### Problem details:
Without the images, write out the whole listing exactly.

### Information shown:
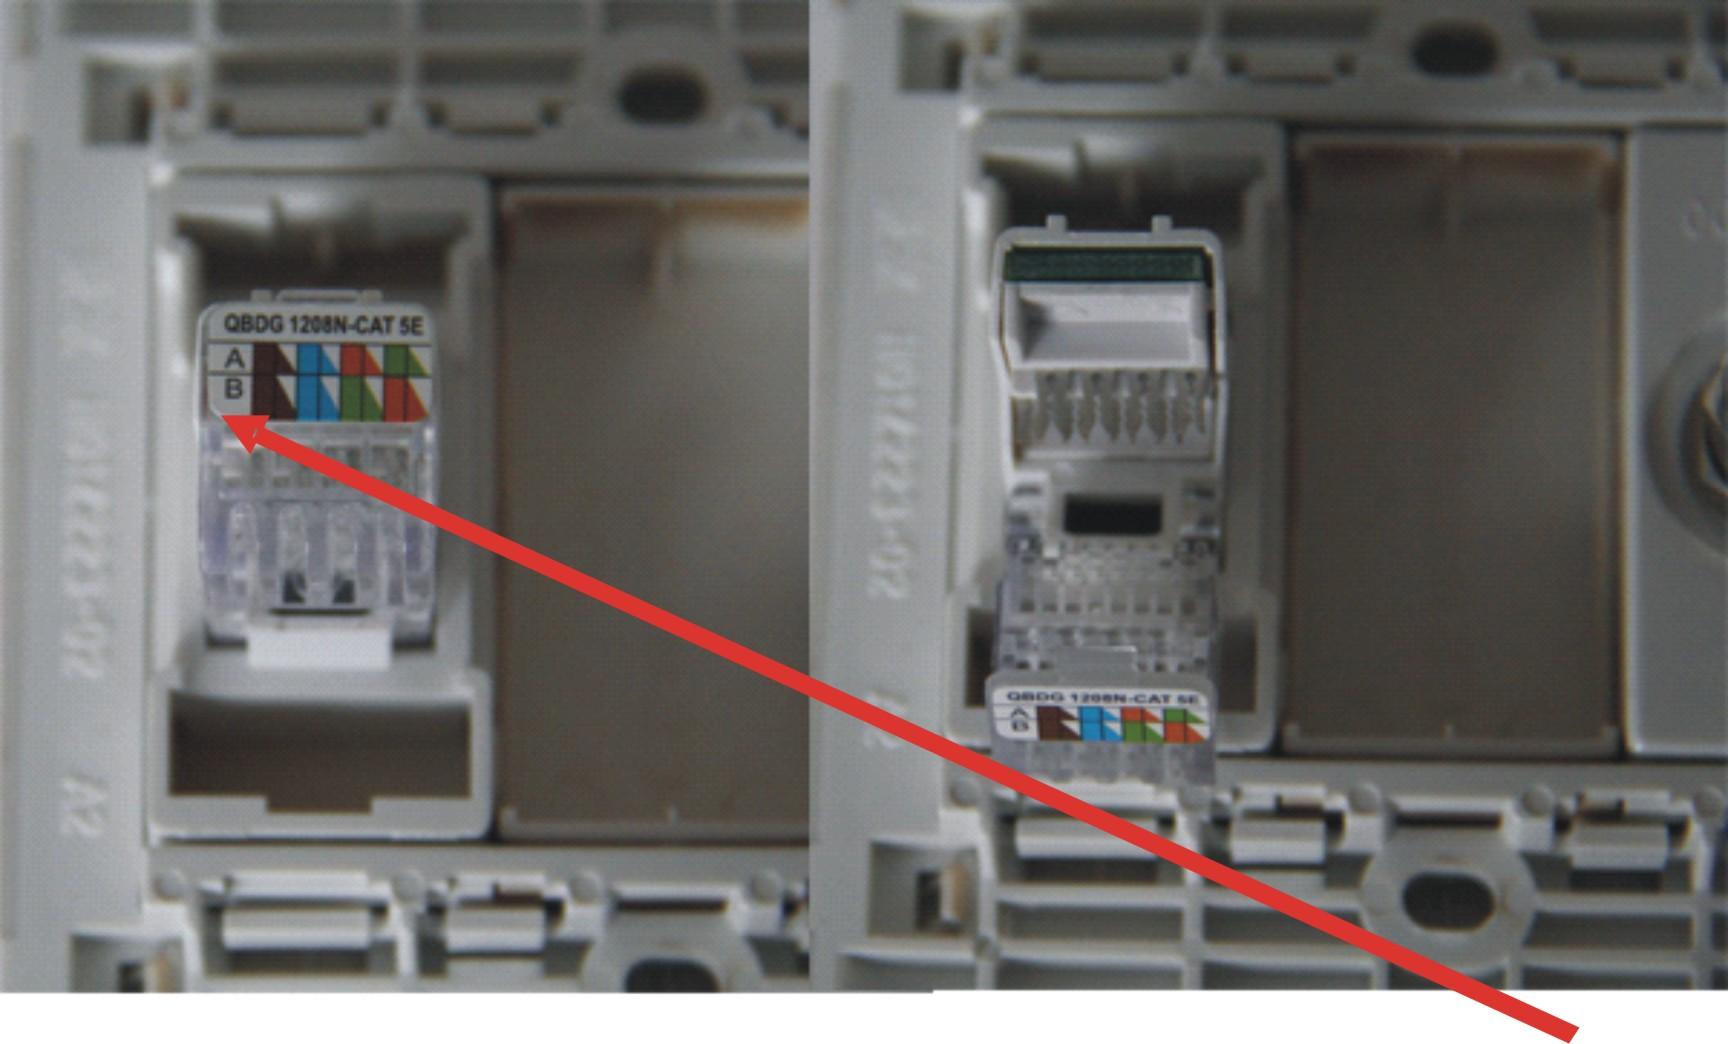 步骤2:分线,用打线钳逐根按进网线插座的金属卡槽内。 注意: a.有的网线是四根白和橙绿蓝棕主色线缠绕,而不是白色和其他色系的混合的白线和主色线缠绕,所以要留心每一组两根线放好后,再拆其他的线,否则,四根白线你无法知道哪一根是白橙、白蓝、白绿、白棕。 b.每次分离后,先不要压线,等所有的线路都放置好,同一使用打线钳,逐根打线。 c.
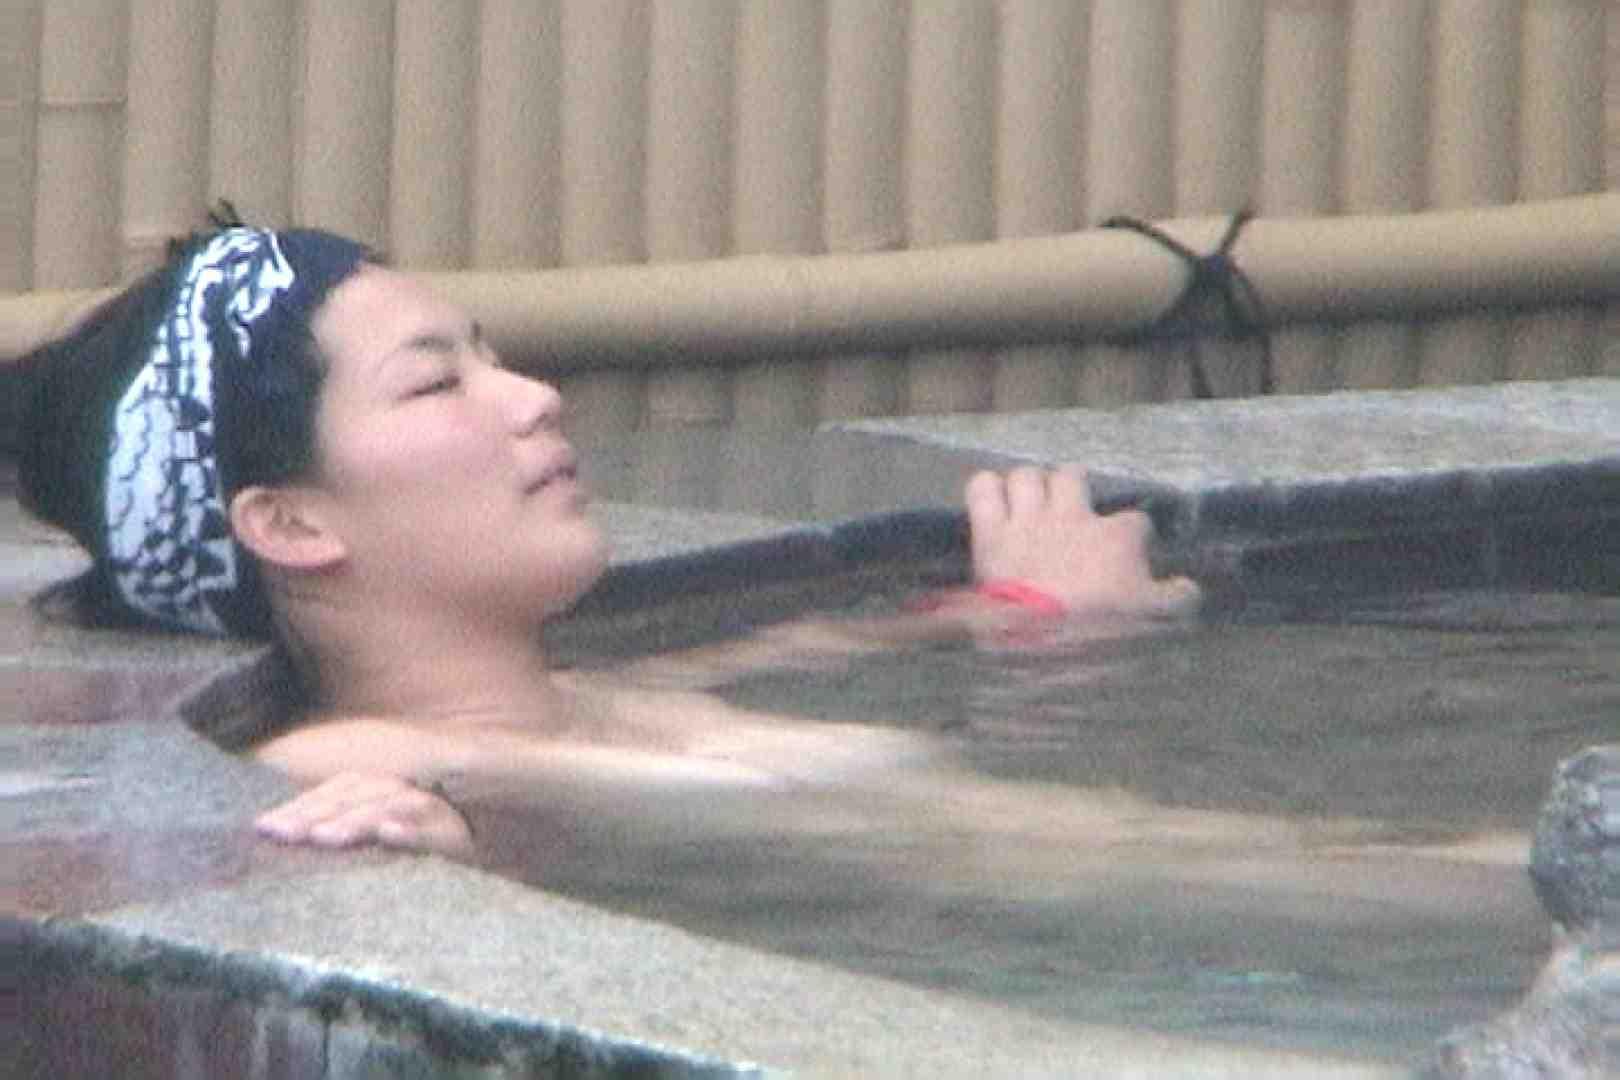 Aquaな露天風呂Vol.103 盗撮大放出 のぞき動画キャプチャ 71連発 23
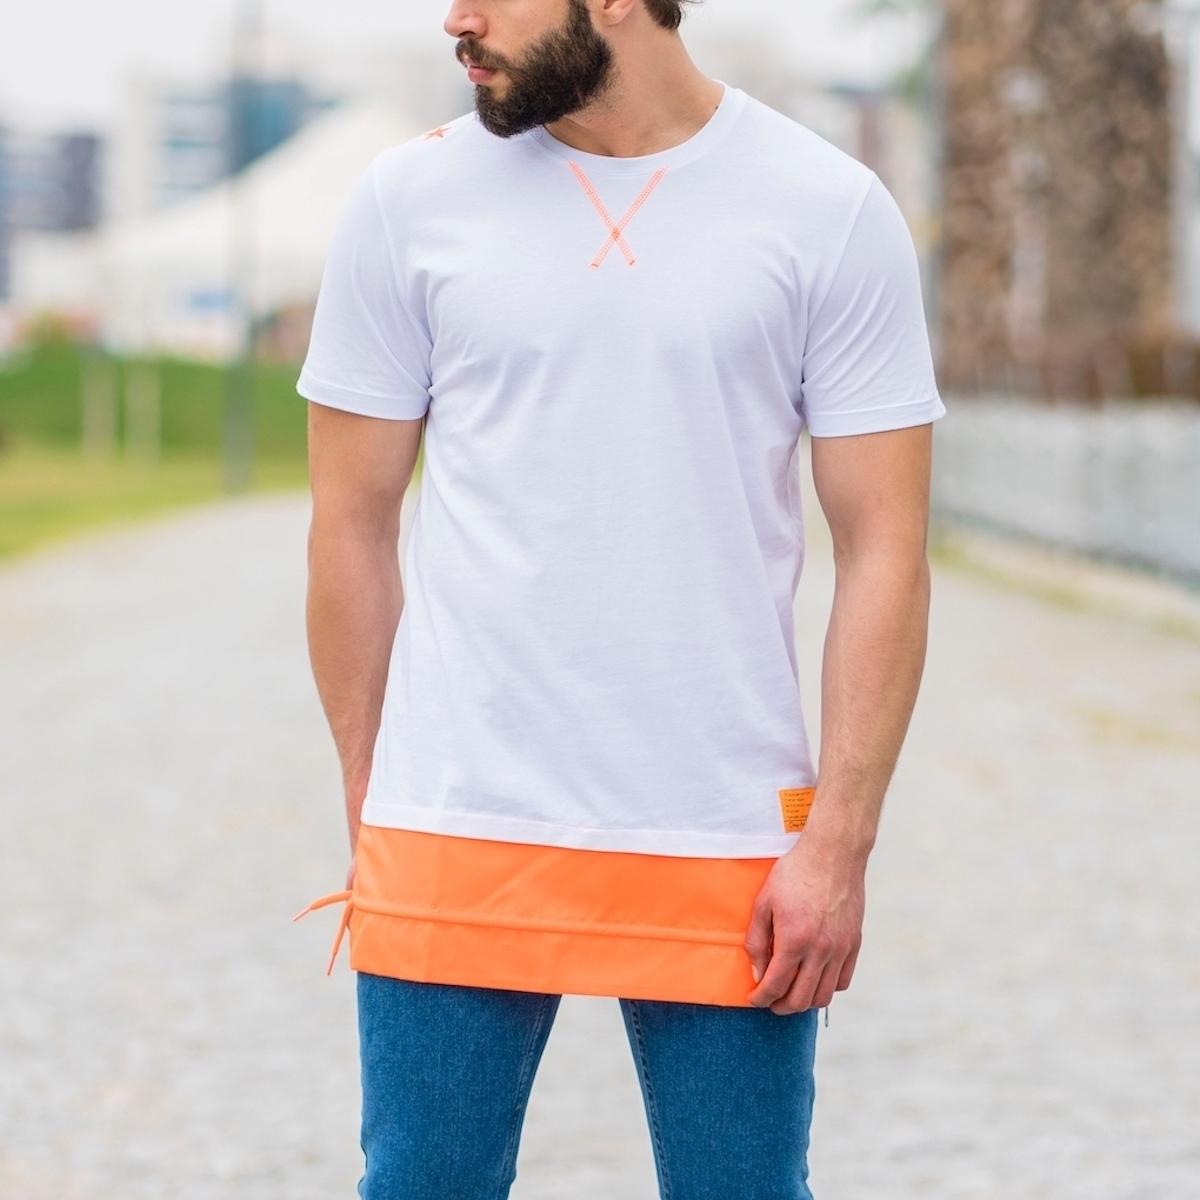 Erkek Uzun Kesim Eteği Turuncu Detaylı Beyaz Tişört
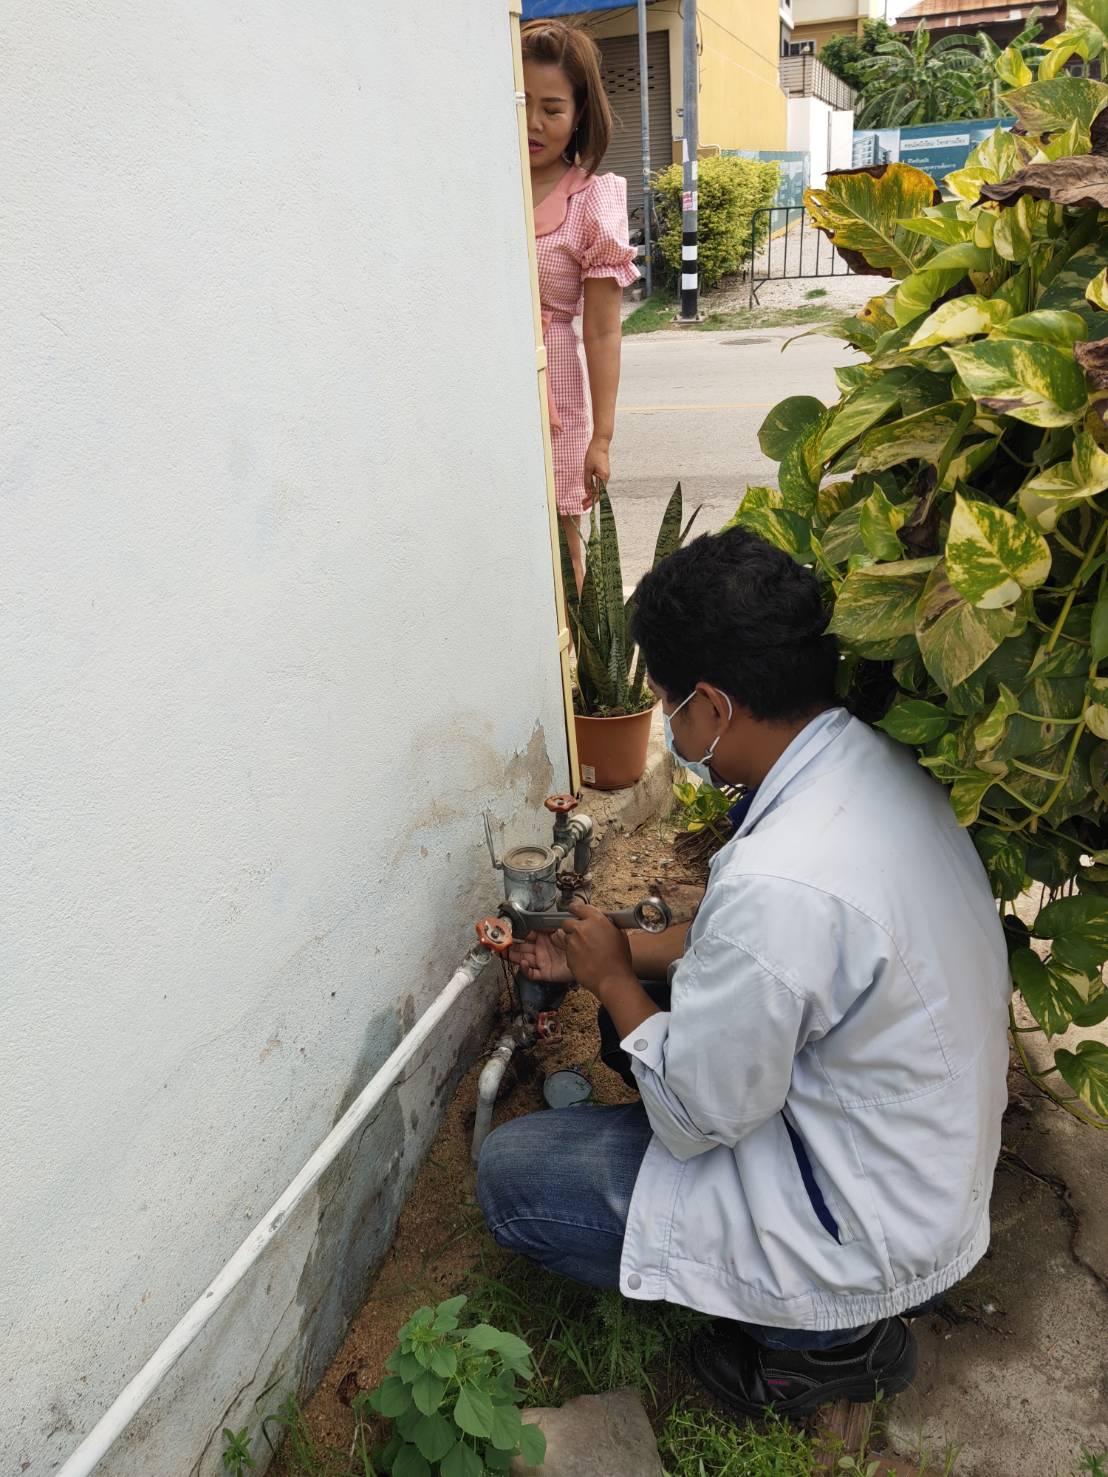 กปภ.สาขากำแพงเพชร จัดส่งมิสเตอร์ประปาตรวจสอบน้ำรั่ว
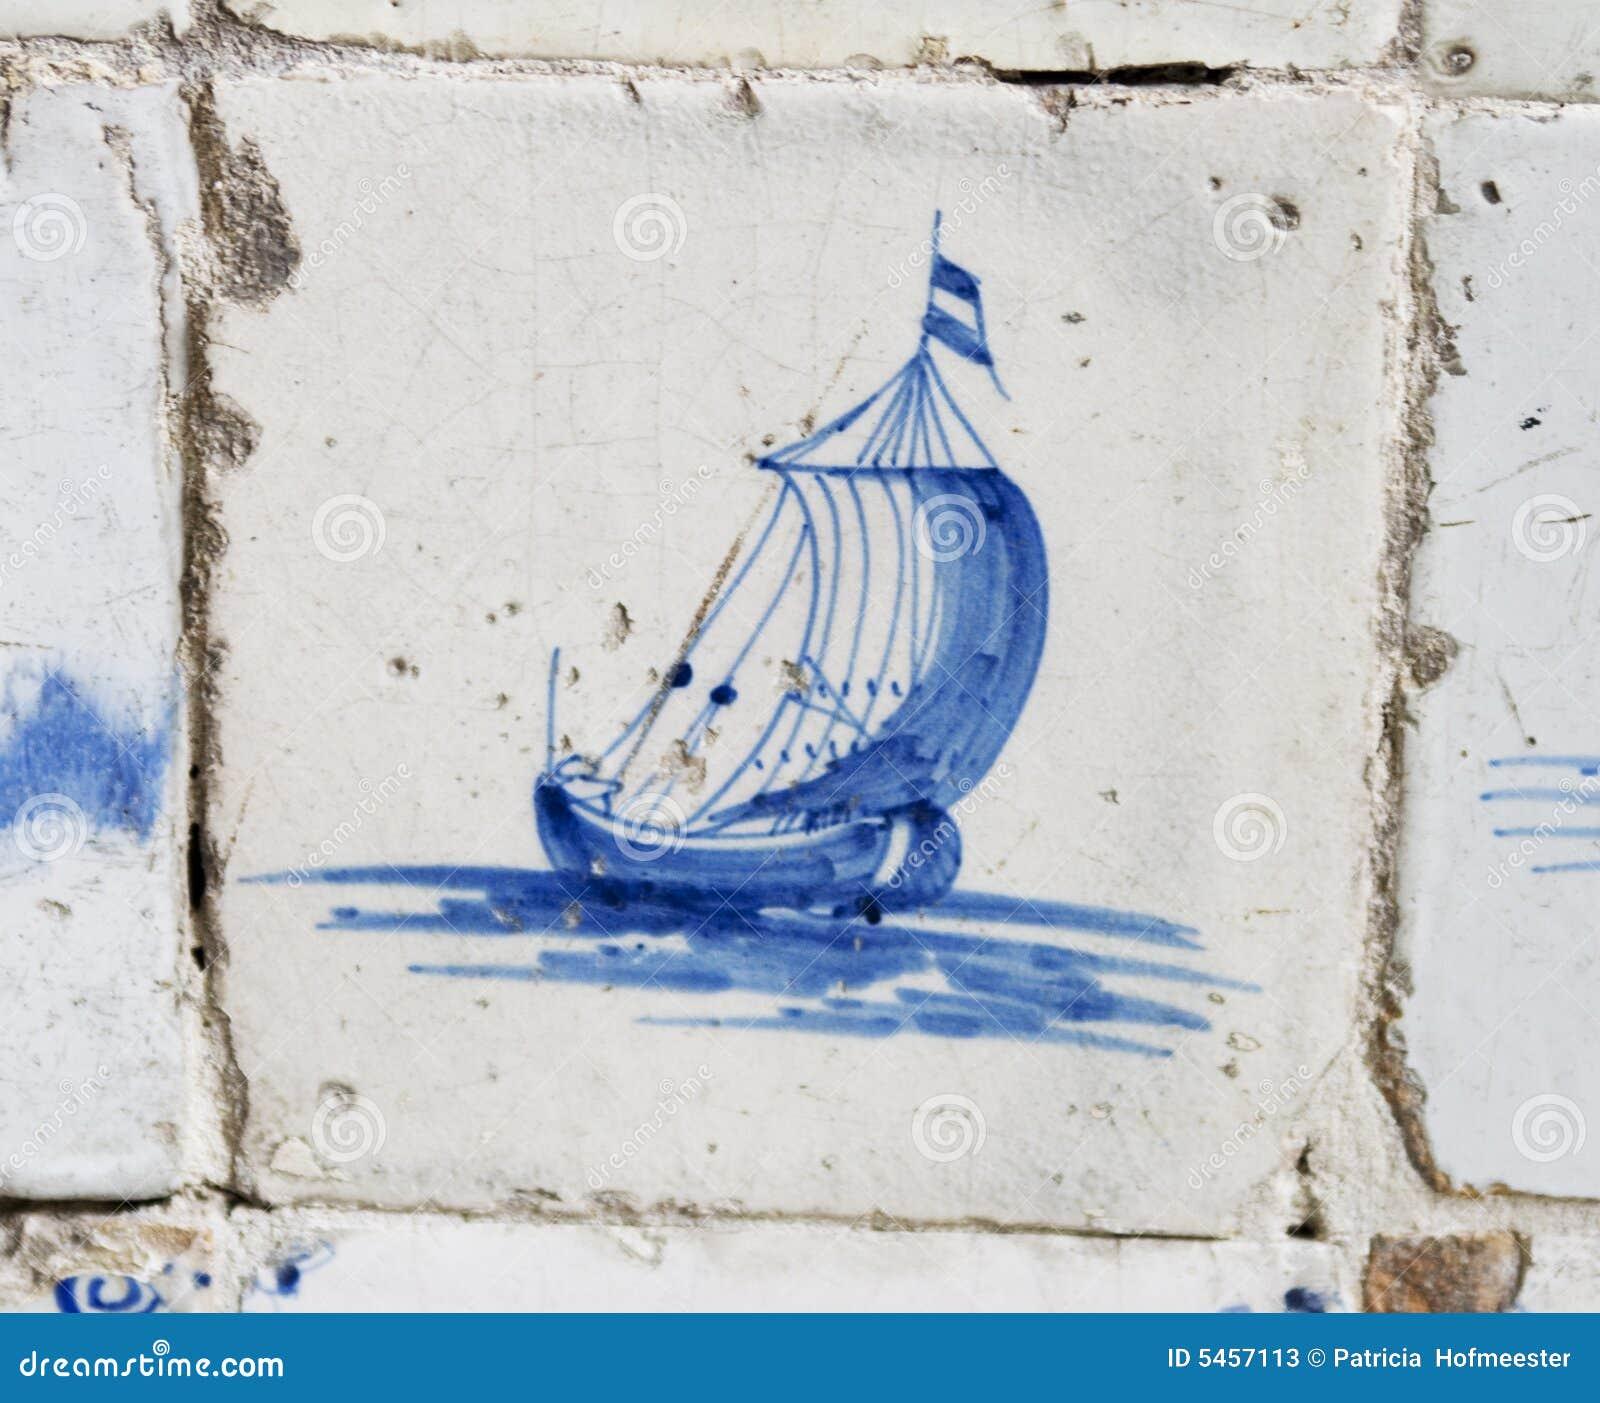 μπλε τρύγος κεραμιδιών σκαφών του Ντελφτ ολλανδικός πλέοντας

### Solution to the problem:
 步骤2:分线,用打线钳逐根按进网线插座的金属卡槽内。 注意: a.有的网线是四根白和橙绿蓝棕主色线缠绕,而不是白色和其他色系的混合的白线和主色线缠绕,所以要留心每一组两根线放好后,再拆其他的线,否则,四根白线你无法知道哪一根是白橙、白蓝、白绿、白棕。 b.每次分离后,先不要压线,等所有的线路都放置好,同一使用打线钳,逐根打线。 c.
 Aquaな露天風呂Vol.103 盗撮大放出 のぞき動画キャプチャ 71連発 23
 Erkek Uzun Kesim Eteği Turuncu Detaylı Beyaz Tişört
 กปภ.สาขากำแพงเพชร จัดส่งมิสเตอร์ประปาตรวจสอบน้ำรั่ว
 μπλε τρύγος κεραμιδιών σκαφών του Ντελφτ ολλανδικός πλέοντας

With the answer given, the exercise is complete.